What are texforms?
Texforms are a kind of synthetic stimuli that preserve some mid-level texture and coarse form information from original images, yet are unrecognizable at the basic-level (e.g., as a "cup"). I've found them to be a useful class of stimuli for my own work, and hopefully you can too. They're generated through two main steps: (1) iteratively coercing white noise to have the same image statistics as an original image within spatially defined windows (Freeman & Simoncelli, 2011) and then (2) making sure the resulting texforms are not recognizable at the basic-level.
Here's a link to code if you want to make them yourself. Below is a schematic of how they are generated:
And some resulting examples...
OK, but what ARE the features preserved in the texforms?
There's a mathematical answer and an intuitive answer to that question. At a mathematical level, it's basically preserving V1-like responses from a Gabor wavelet model and their correlations across different scales, orientations, and position -- and it's preserving these features with the spatial pooling windows. This extra bit of spatial information is what makes texforms different from the original Portilla & Simoncelli (2000) model and resulting textures (see here for code and explanation).
But if you're a psychologist, that's probably not a very satisfying answer. At an intuitive gloss, they seem to preserve both the relevant curvature statistics (how curvy/boxy something looks) as well as basic texture information.
I've done some work exploring what these features are by examining how changing a texform changes how well you can tell whether it was generated from a picture of animal vs. an object.
When texforms are contrasted negated (see Figure) or inverted, people can still derive animacy information from them -- and this is predicted by how "curvy" vs "boxy" people rate these texforms. Accordingly, if you remove all "curvy" information from the images (and only retain horizontal and vertical spatial frequencies), then classification accuracy drops quite a bit for animals. And if you remove ALL of the cross-correlation statistics from the model -- effectively eliminating all of the relevant textural statistics -- you also decrease classification down to chance. For more details, you can read about these data in Experiment 4 of this paper or grab these stimuli from it's github repository. Of course, there's still a lot of work to be done here, admittedly, and a large library of intuitive "mid-level" features we could test.
Importantly, however, I think of texforms as one way to hack into the large "black box" of mid-level feature space -- they're just a way to try to understand the visual system, rather than an exact copy of mid-level representations.

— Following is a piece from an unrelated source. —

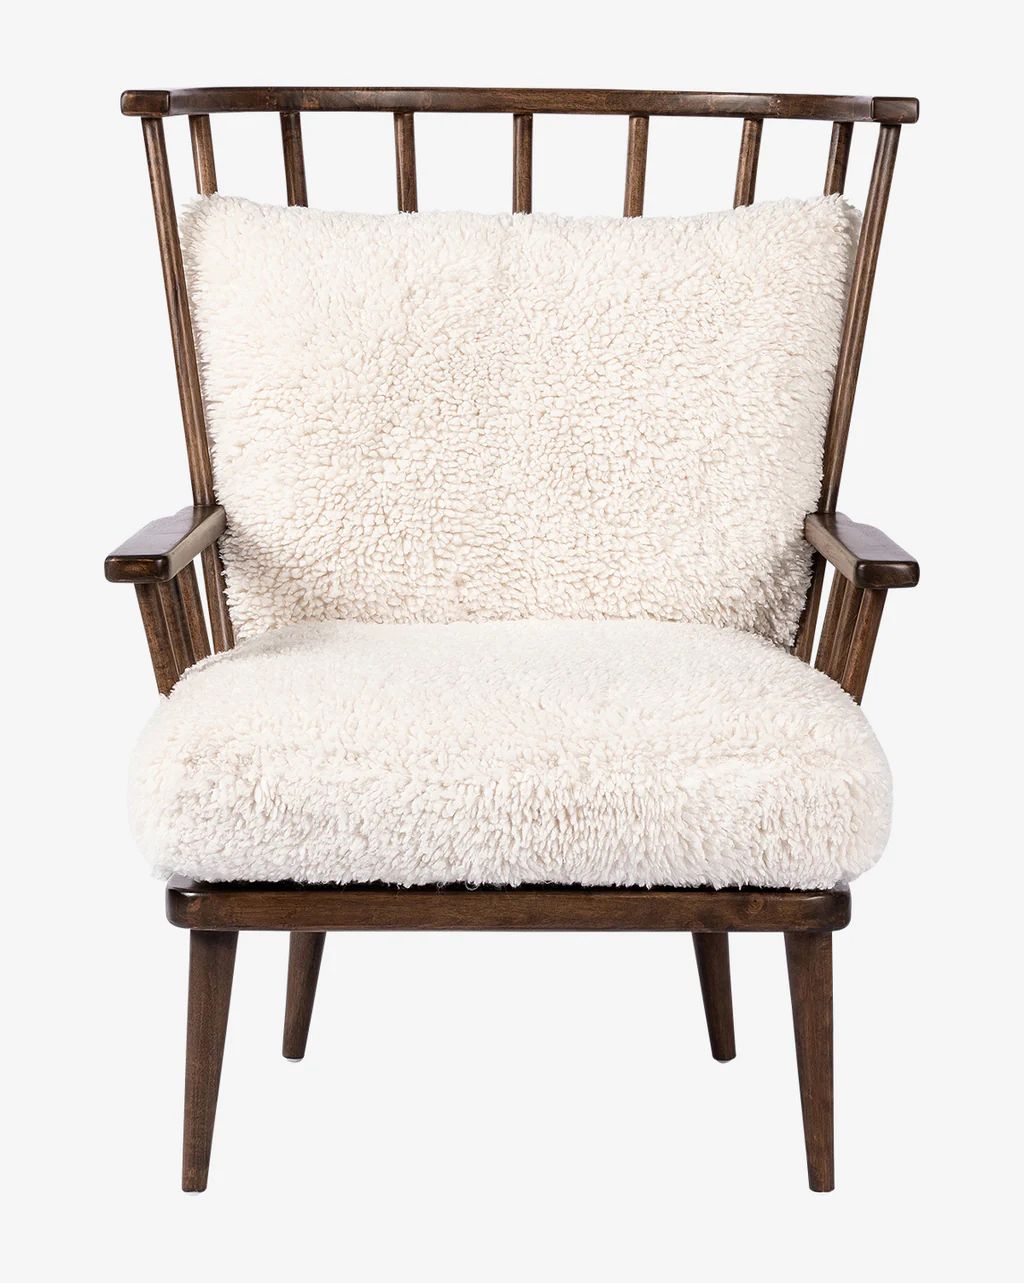 Carlin Lounge Chair | McGee & Co.

Figure 5 from Long, Störmer, & Alvarez (2017)
(Upper panel) Adjusted animate classification accuracy for each of the five modified image sets. Zero reflects chance classification. Error bars reflect standard error of the mean over individual items. (Lower panel) Four example items from each image set.
So are your texforms "metamers" in the periphery?
We've never tested this, but I highly doubt it, given that they are generated as isolated objects on blank backgrounds. The original textures generated by this algorithm in Freeman & Simoncelli (2011) are all created from scenes or naturalistic textures -- not isolated objects.
Could I use a different texture synthesis algorithm to make texforms?
In principle, as long as the algorithm computes the image statistics over spatial information, yes. In practice, I've found that square pooling windows often don't produce texforms that have have spatially coherent "form" information -- but that's subjective and you should free to experiment! The code includes a way to use square pooling windows. However, Ruth Rosenholtz has some great, related work that you should definitely check out if you're interested in this topic (see FAQ on her "mongrel" model here).